▸ **To do**: Without the images, reproduce each line of the material exactly.

▸ **Provided material**:

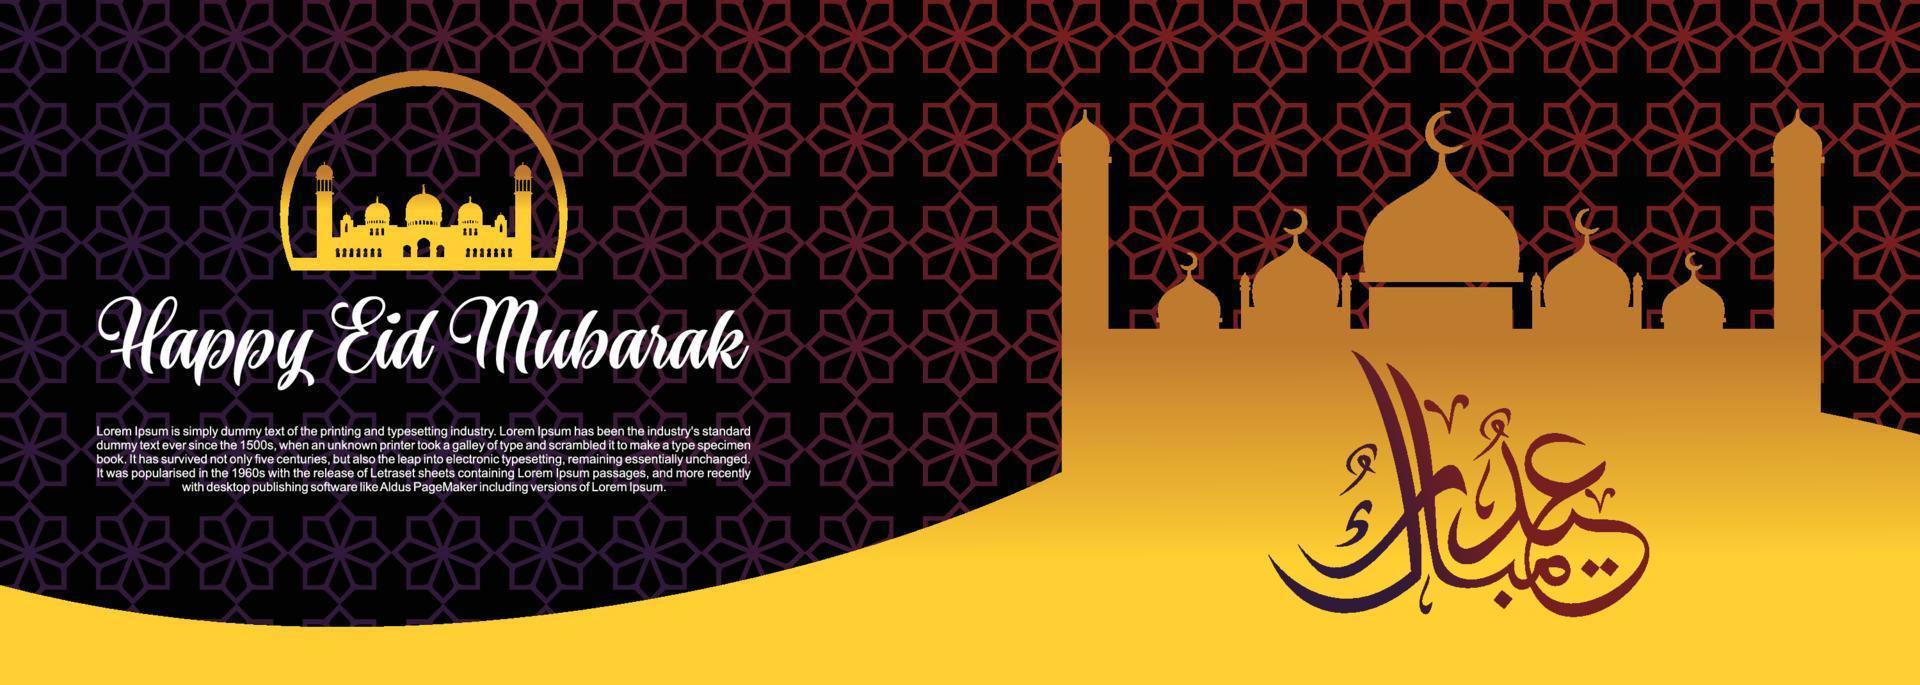 eid mubarak islamischer hintergrund, glückliche eid mubarak fahnenillustration, islamische grußkartenreligionsmuslimische feier. Arabische moderne Kalligrafie vektor
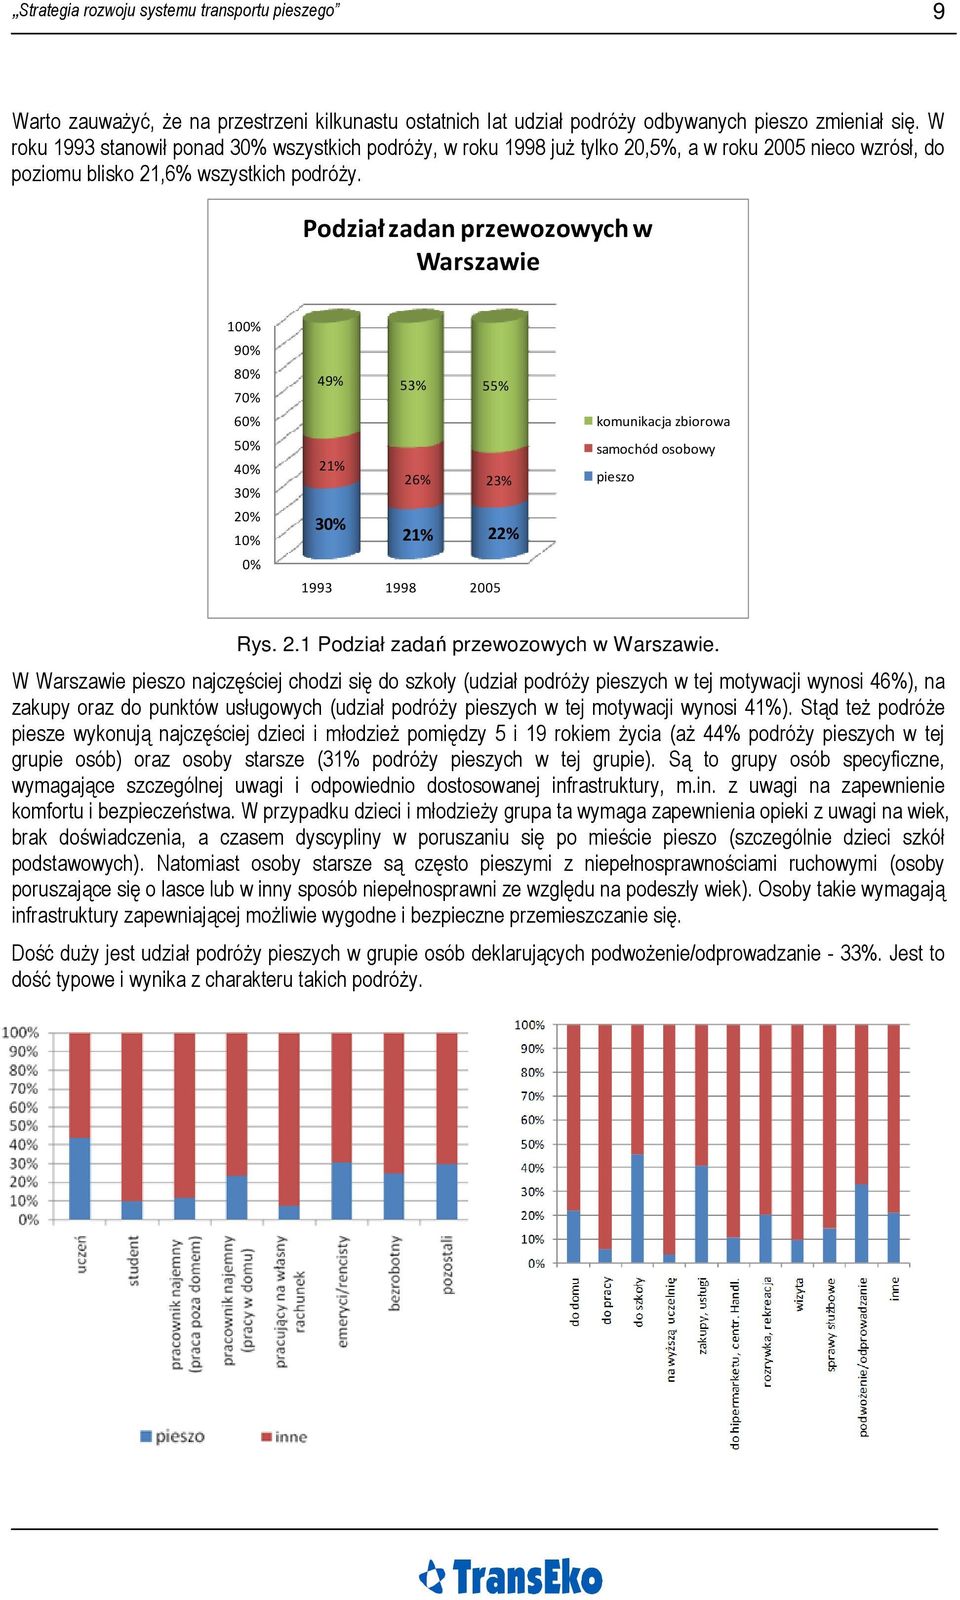 Podział zadan przewozowych w Warszawie 100% 90% 80% 70% 60% 50% 40% 30% 20% 10% 0% 49% 53% 55% 21% 26% 23% 30% 21% 22% 1993 1998 2005 komunikacja zbiorowa samochód osobowy pieszo Rys. 2.1 Podział zadań przewozowych w Warszawie.
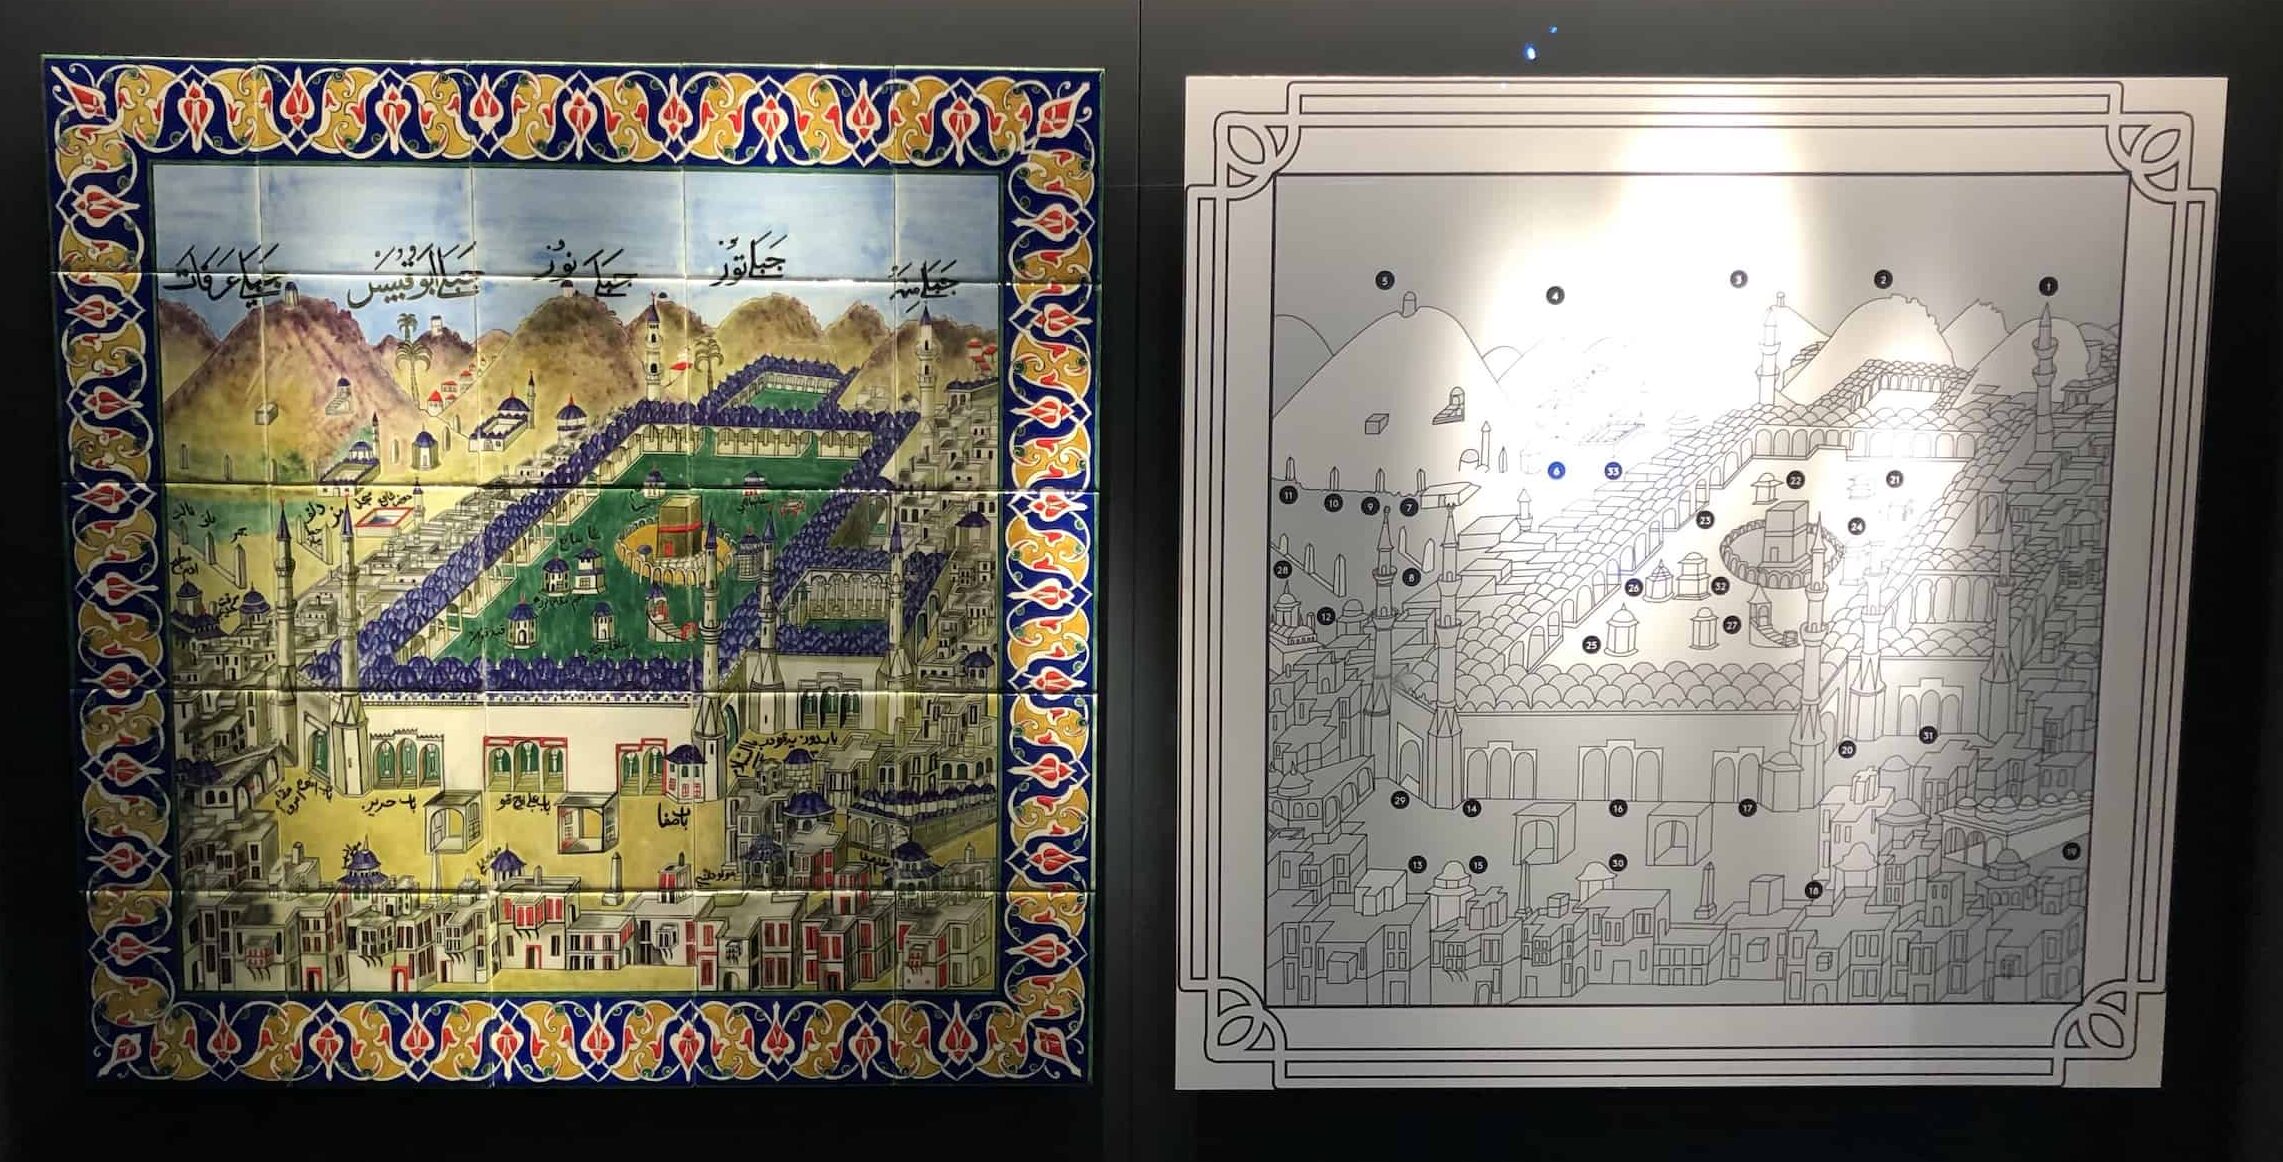 Replica tiles depicting Mecca at the Tekfur Palace Museum

▸ **Task output**:
 eid mubarak islamischer hintergrund, glückliche eid mubarak fahnenillustration, islamische grußkartenreligionsmuslimische feier. Arabische moderne Kalligrafie vektor
 Podział zadan przewozowych w Warszawie 100% 90% 80% 70% 60% 50% 40% 30% 20% 10% 0% 49% 53% 55% 21% 26% 23% 30% 21% 22% 1993 1998 2005 komunikacja zbiorowa samochód osobowy pieszo Rys. 2.1 Podział zadań przewozowych w Warszawie.
 Replica tiles depicting Mecca at the Tekfur Palace Museum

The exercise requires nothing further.